• Data provided
== Segment start ==
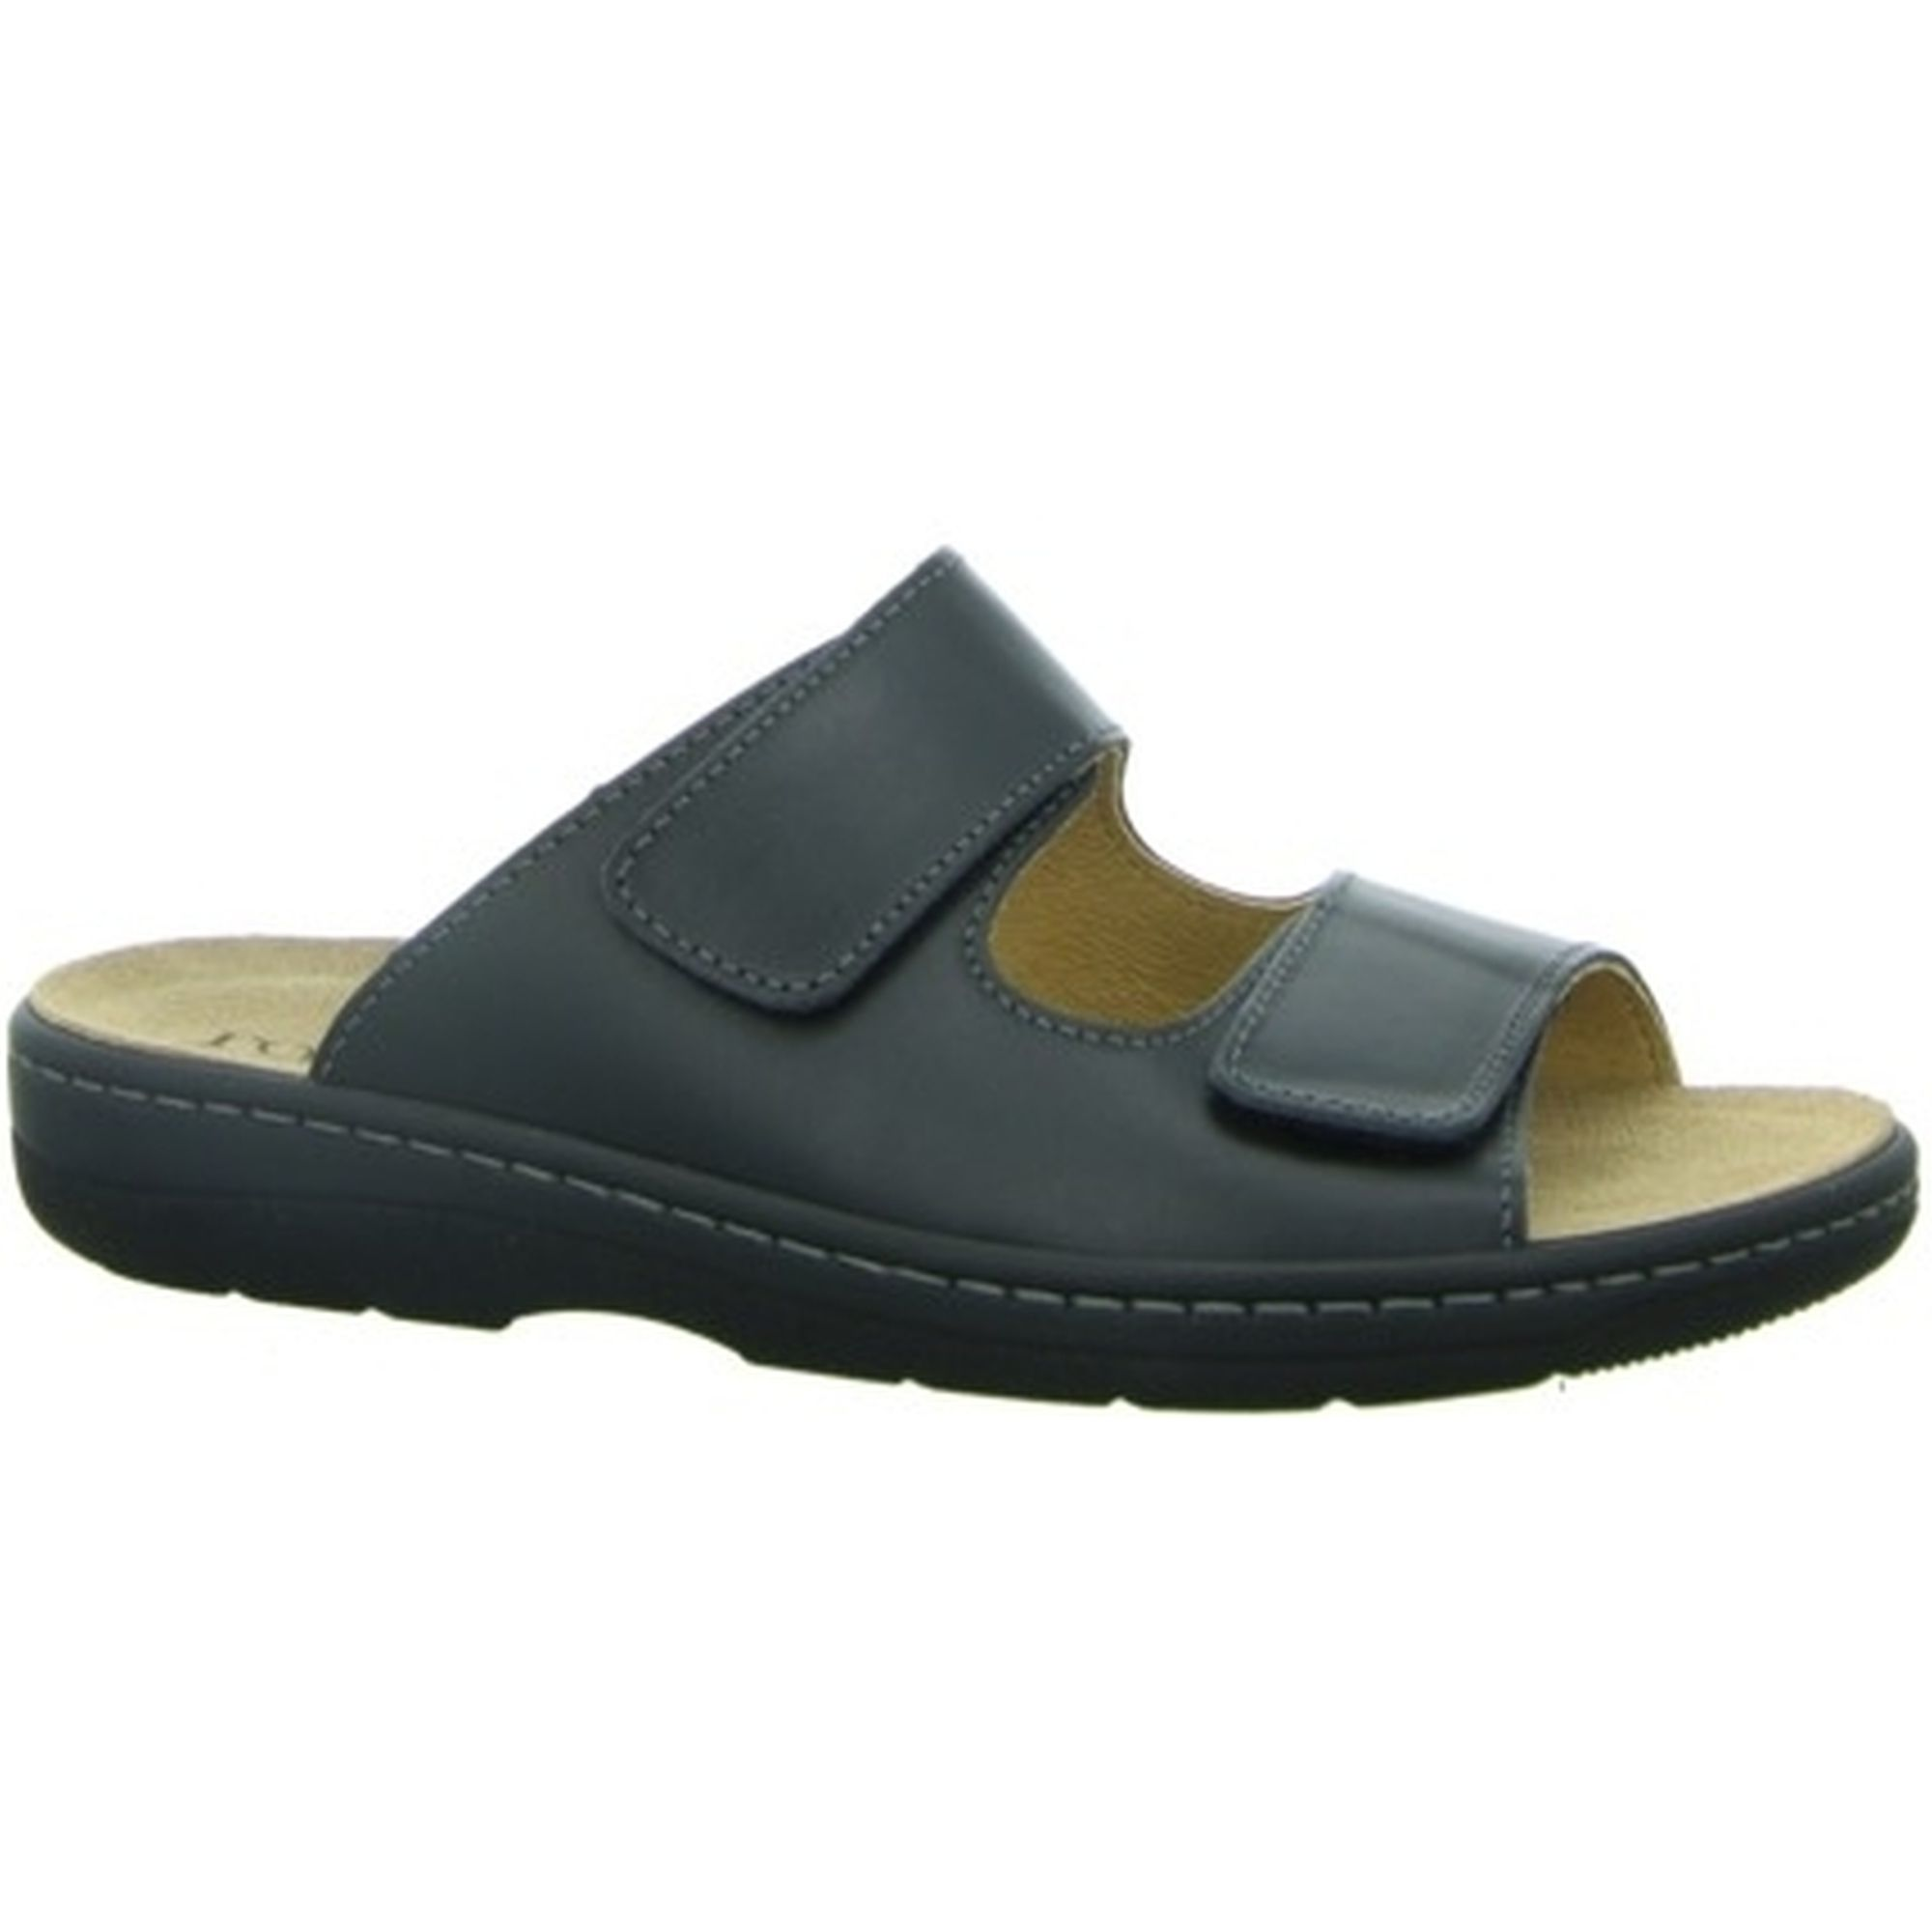 Longo schuhe großer auswahl günstig online kaufen   Schuhe24
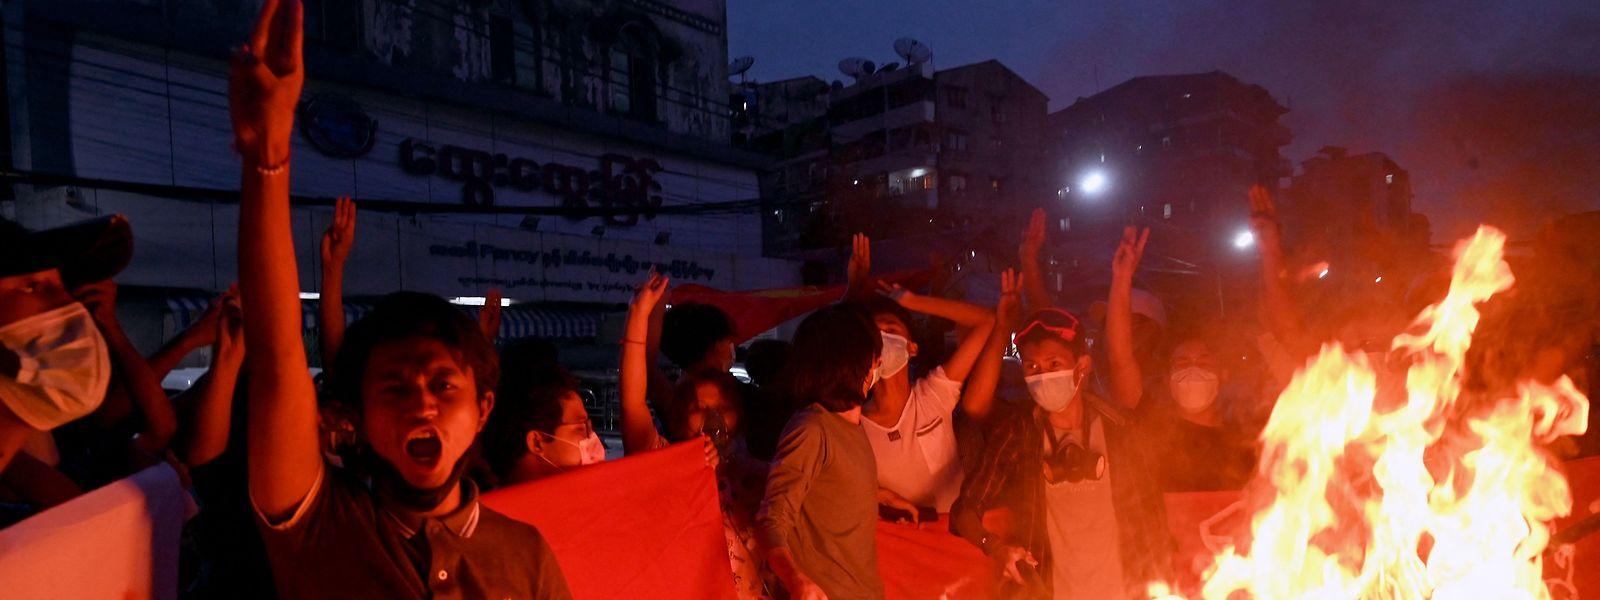 Auch sechs Monate nach dem Militärputsch gehen die Menschen zu Tausenden auf die Straße, um gegen die Junta zu demonstrieren. Die reagiert mit Gewalt und Verhaftungen.
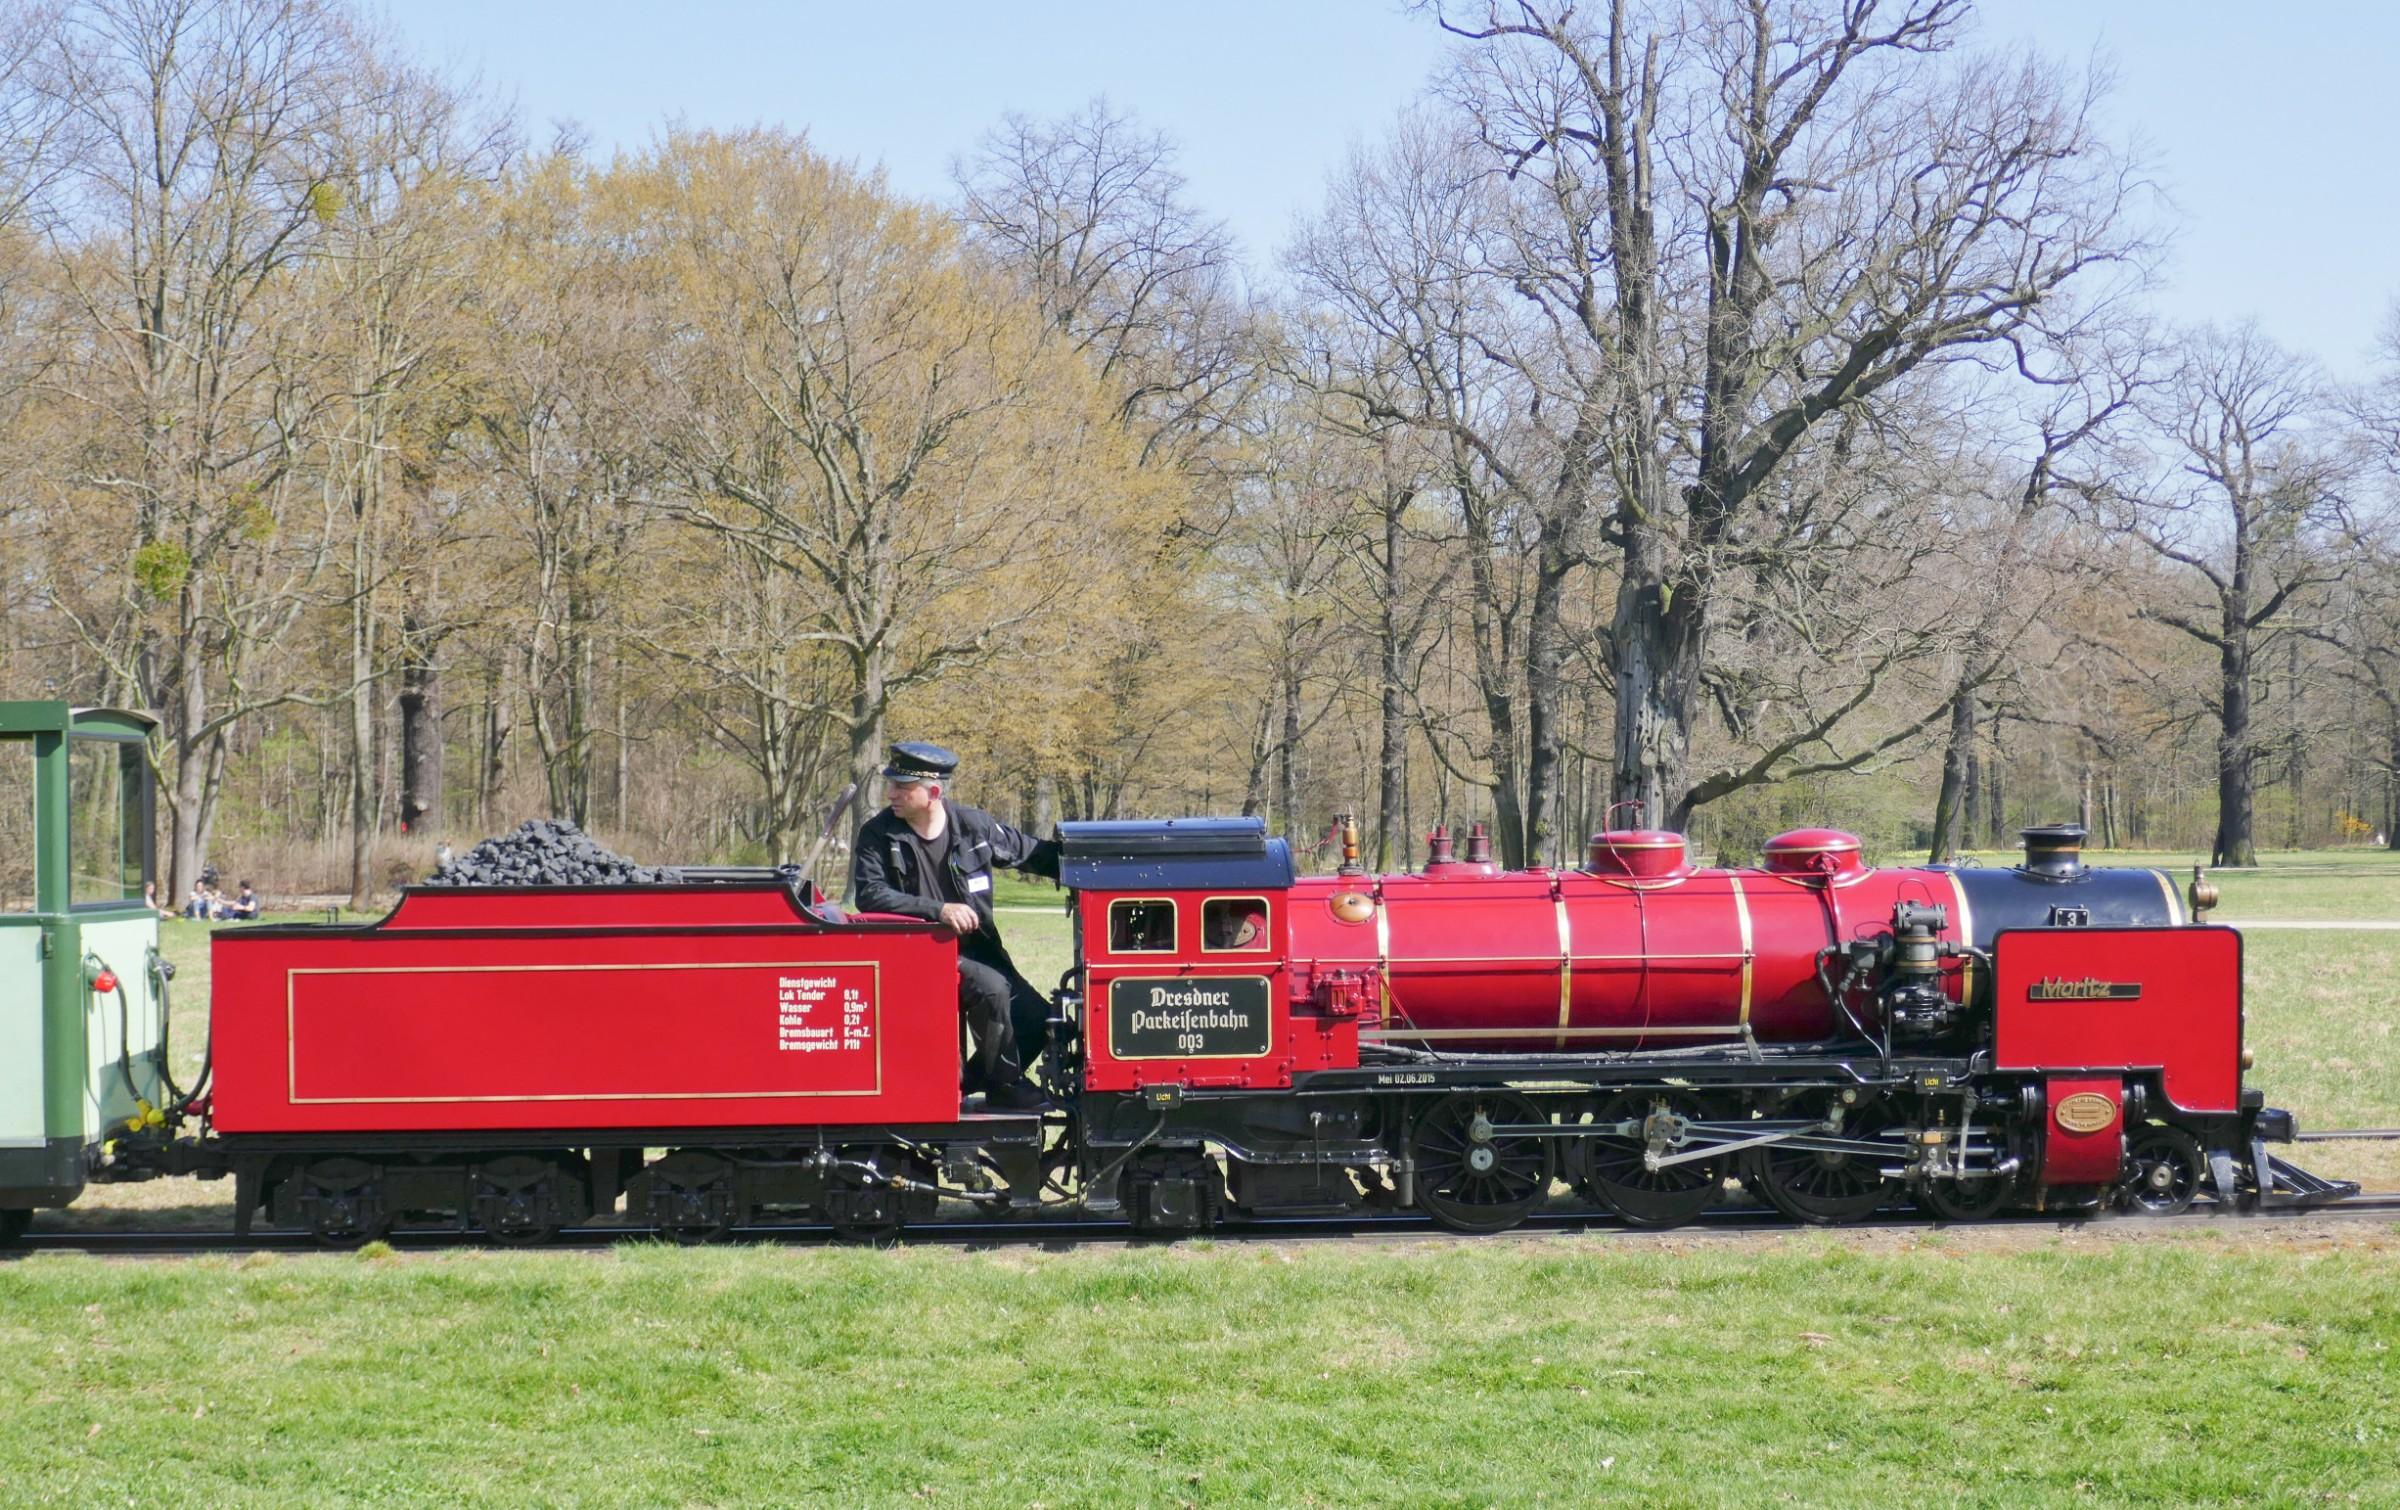 Dresden Park Railway
== Segment end ==
• What you are asked to do
Output the whole listing without change. Any picture is to be left out.

• Answer box
 Longo schuhe großer auswahl günstig online kaufen   Schuhe24
 Auch sechs Monate nach dem Militärputsch gehen die Menschen zu Tausenden auf die Straße, um gegen die Junta zu demonstrieren. Die reagiert mit Gewalt und Verhaftungen.
 Dresden Park Railway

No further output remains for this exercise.